Stocks are celebrating another Federal Reserve rate cut, but don’t expect the celebration to last. As my editor noted this morning, sometimes the stock market is a little like your bipolar uncle. Enjoy his good days, but on the bad days stay out of the way.
(UPDATE: I was right.)
This is a good day for sure. Once again, investors hope the Federal Reserve, along with other federal policy makers, has found clever solutions to the subprime mess.
But we’ve been here before.
Before rate decisions on Oct. 31 and Dec. 11, the markets were moving higher on hope of a deep Fed cut. When those hopes were dashed (with mere quarter-point adjustments to the Fed funds rate), stocks sunk back into their depressed state.
Then on Jan. 22 and Jan. 30, the market got what it wanted.

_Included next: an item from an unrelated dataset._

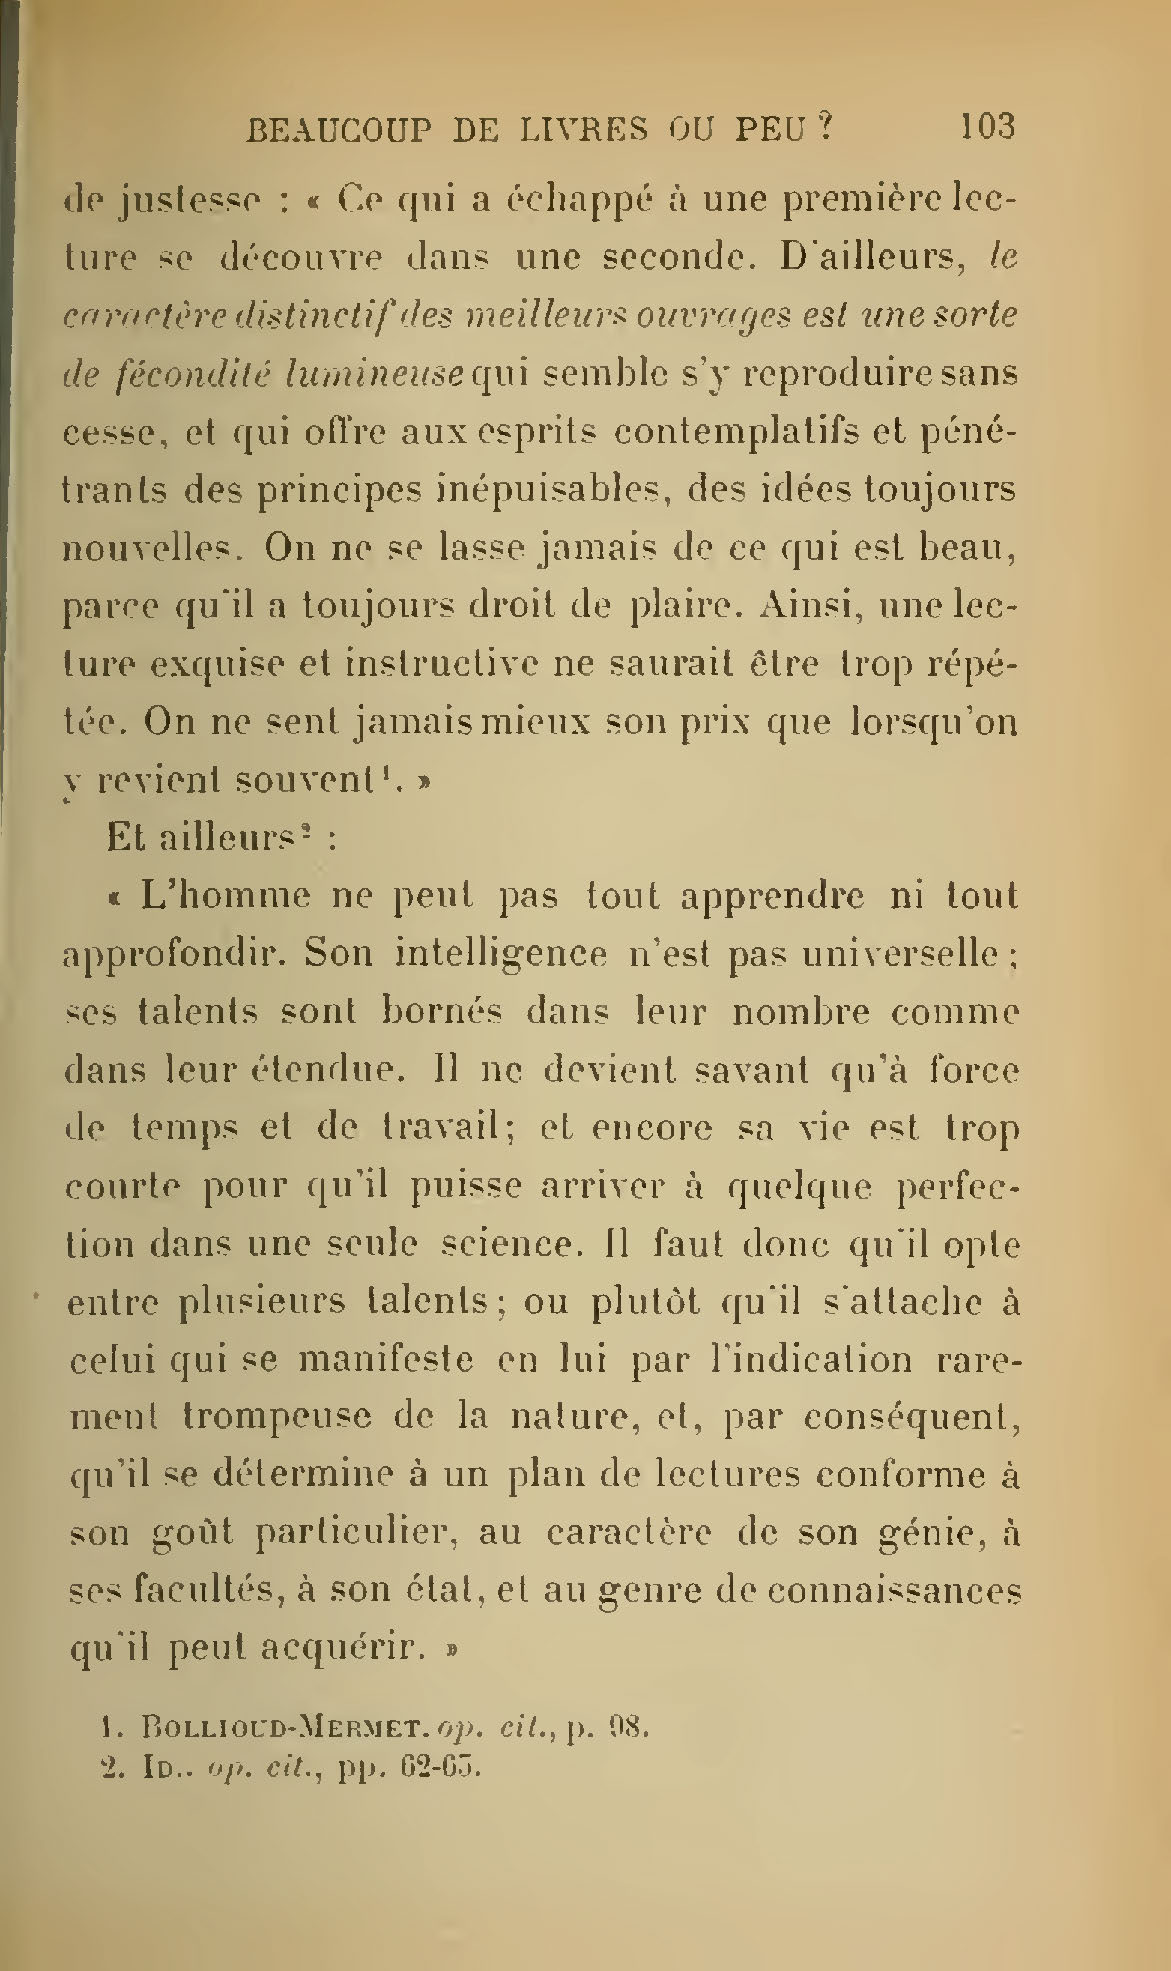 Albert Cim, Le Livre, t. II, p. 103.

The Fed cut rates by 0.75-points on Jan. 22 and another half-point on Jan. 30.
For two days after each cut, there was celebration on Wall Street. Then the euphoria wore off, and we found ourselves stuck with the same stubborn problems: A weakening economy and dysfunctional credit markets.
Since the credit crisis began, it's the same pattern over and over again.
Will this time be any different? Probably not.
But maybe, just maybe, the Fed and other policy makers are now so engaged – not just through rate cuts but through other creative solutions -- that they finally make some progress against the credit turmoil.